## Supplied material
_ _ _

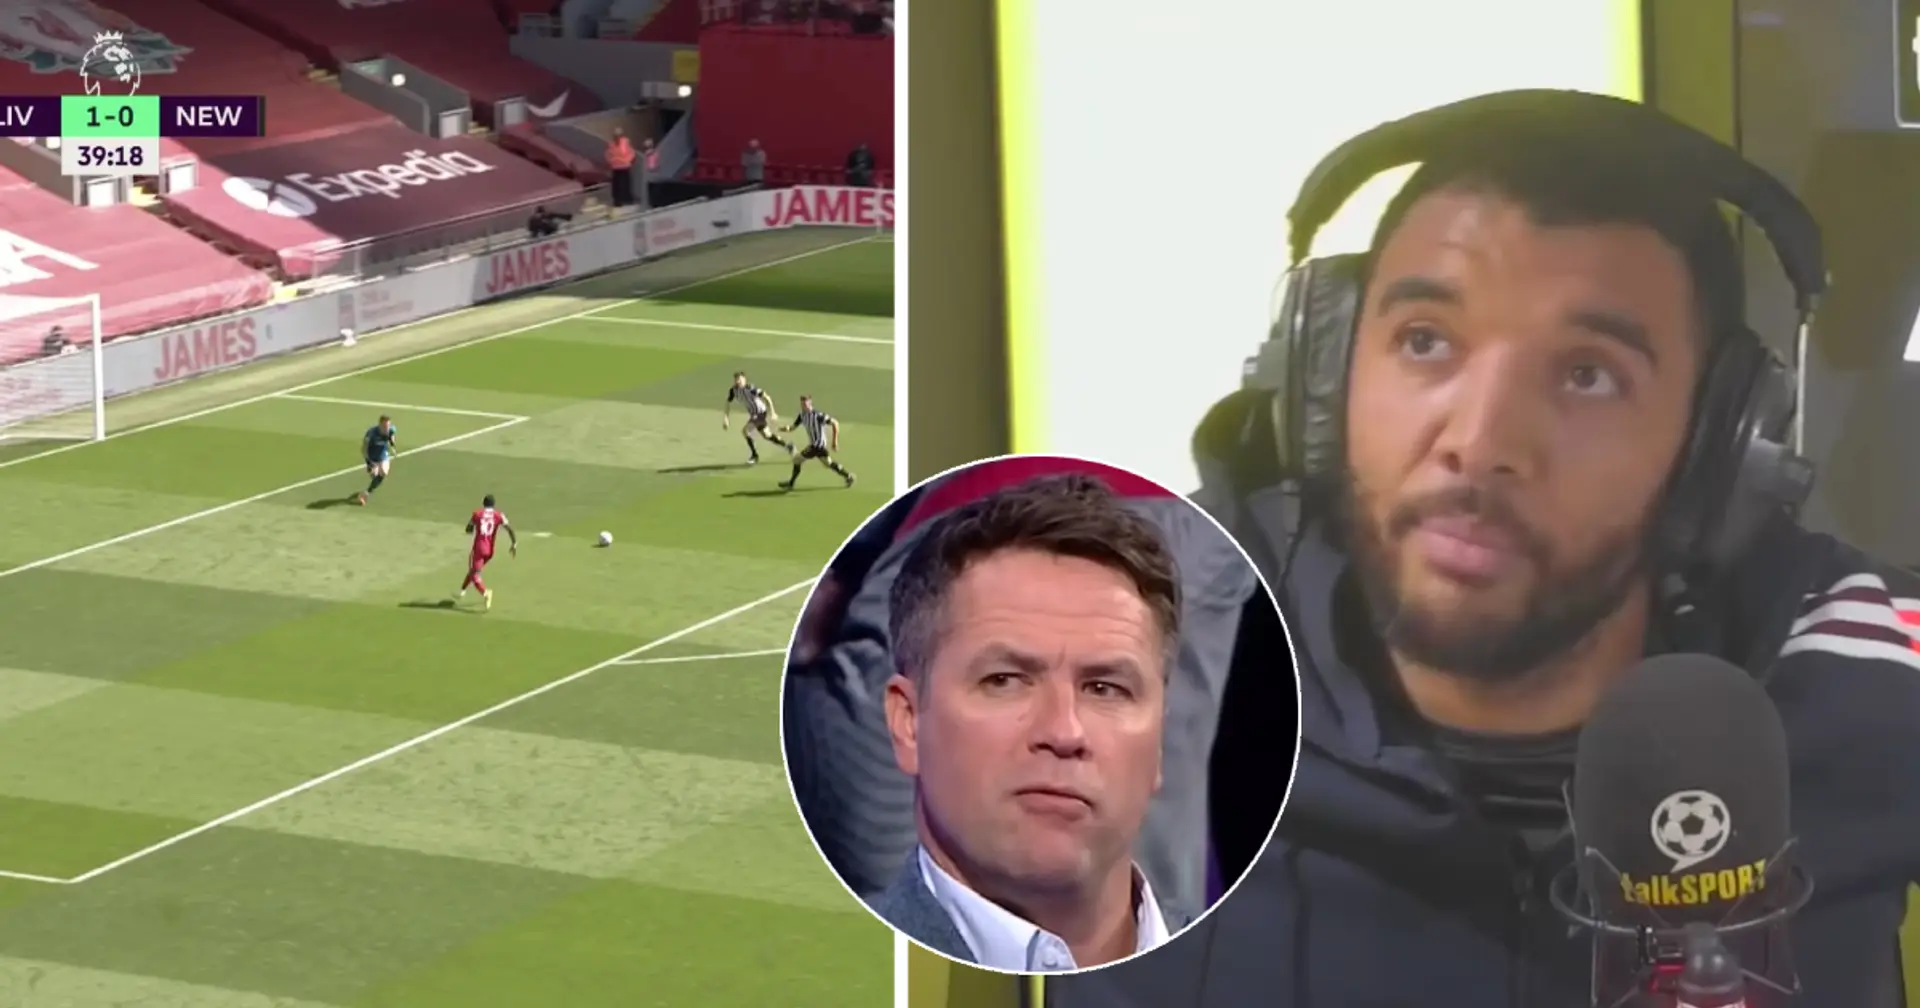 Owen and Deeney see no 'natural goalscorer' in Liverpool's front 4: Analysing their claims using 2 key stats
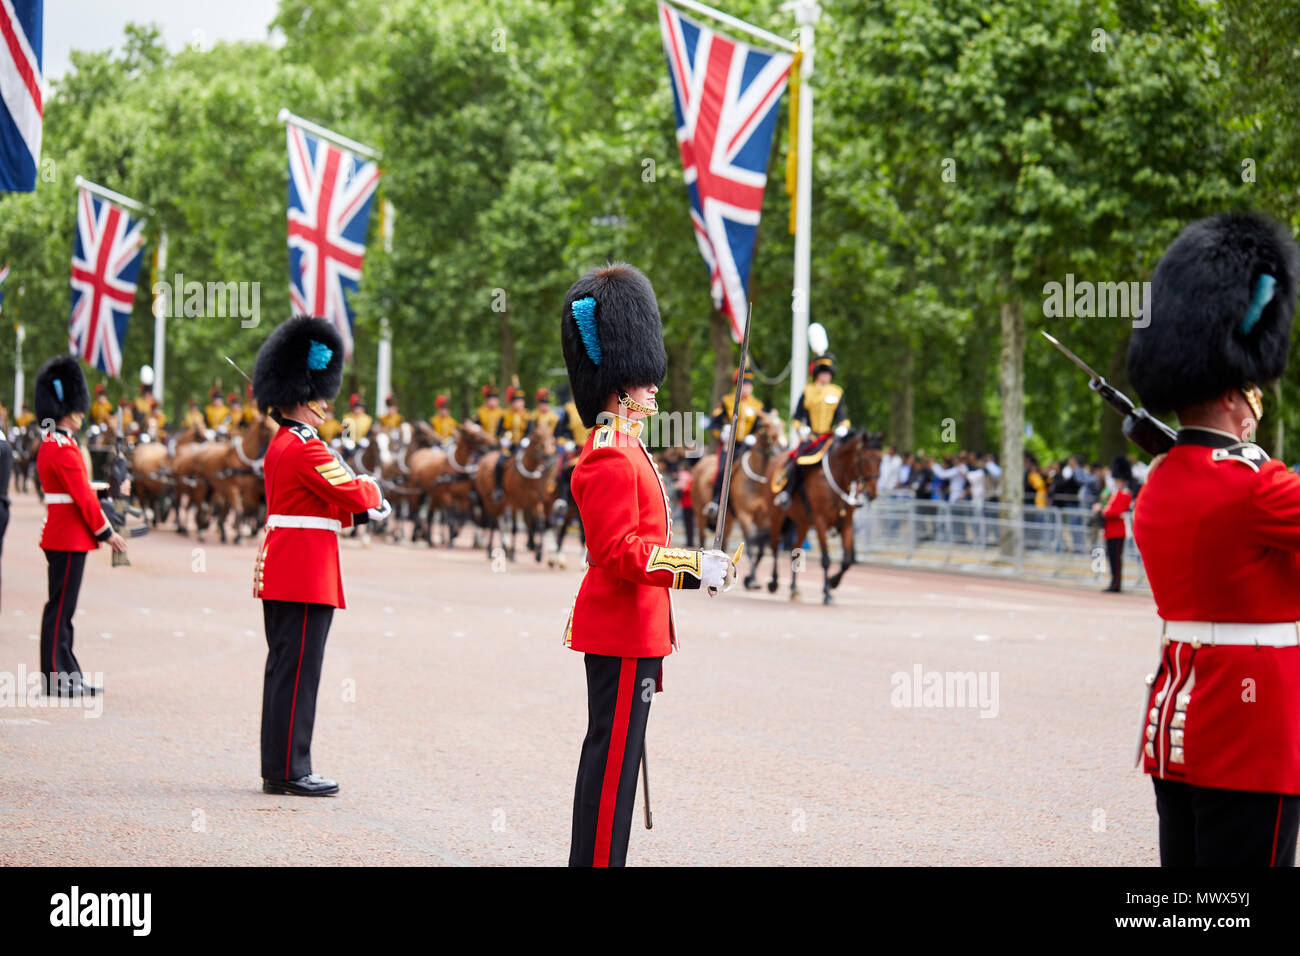 London, UK. 2nd June 2018. Image of members of the armed forces in ceremonial uniform on duty during the Colonel's Review. The Colonel's Review is the second rehearsal for the Trooping the Colour parade. Taken on The Mall, London. Credit: Kevin Frost/Alamy Live News Stock Photo
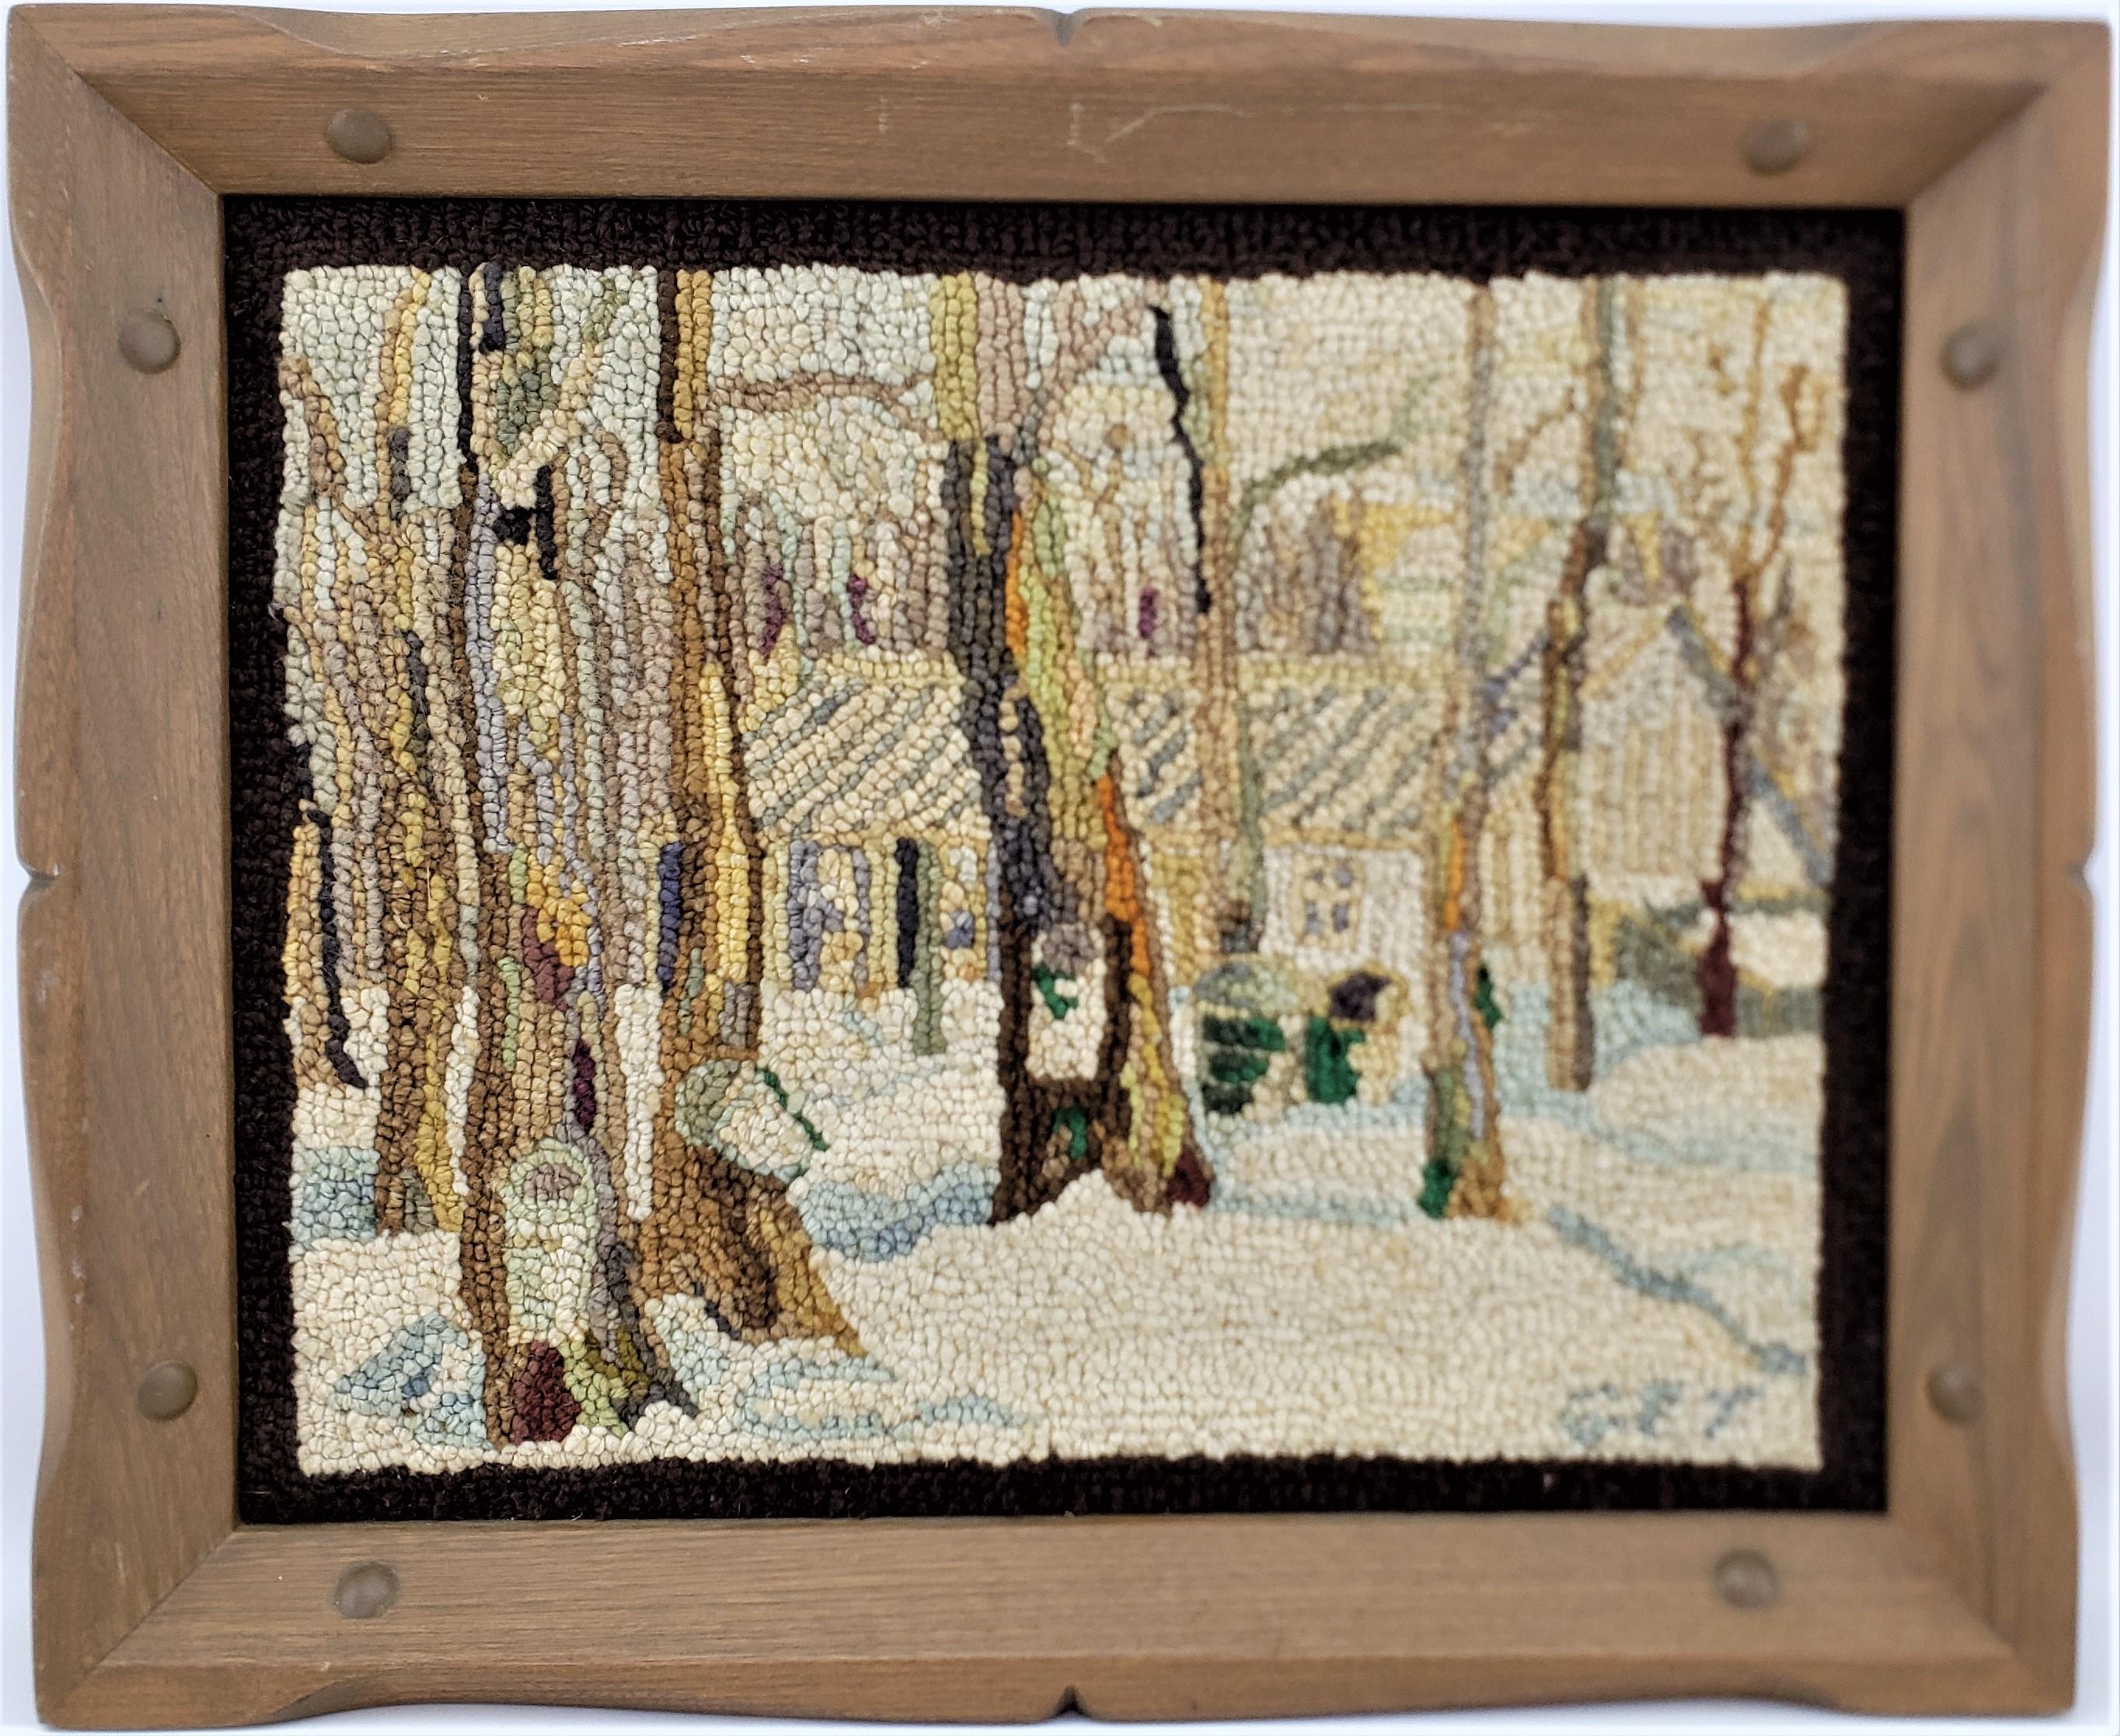 This framed hooked rug or mat was done by the well known George Edouard Tremblay of Quebec Canada in approximately 1940 in his period Folk Art style. The rug or mat is done with wool, presumably on burlap and framed in a rustic styled wooden frame.

_ _ _

## About this task
Leave the images out and give the rest of the data again exactly.

## Task answer
 Owen and Deeney see no 'natural goalscorer' in Liverpool's front 4: Analysing their claims using 2 key stats
 London, UK. 2nd June 2018. Image of members of the armed forces in ceremonial uniform on duty during the Colonel's Review. The Colonel's Review is the second rehearsal for the Trooping the Colour parade. Taken on The Mall, London. Credit: Kevin Frost/Alamy Live News Stock Photo
 This framed hooked rug or mat was done by the well known George Edouard Tremblay of Quebec Canada in approximately 1940 in his period Folk Art style. The rug or mat is done with wool, presumably on burlap and framed in a rustic styled wooden frame.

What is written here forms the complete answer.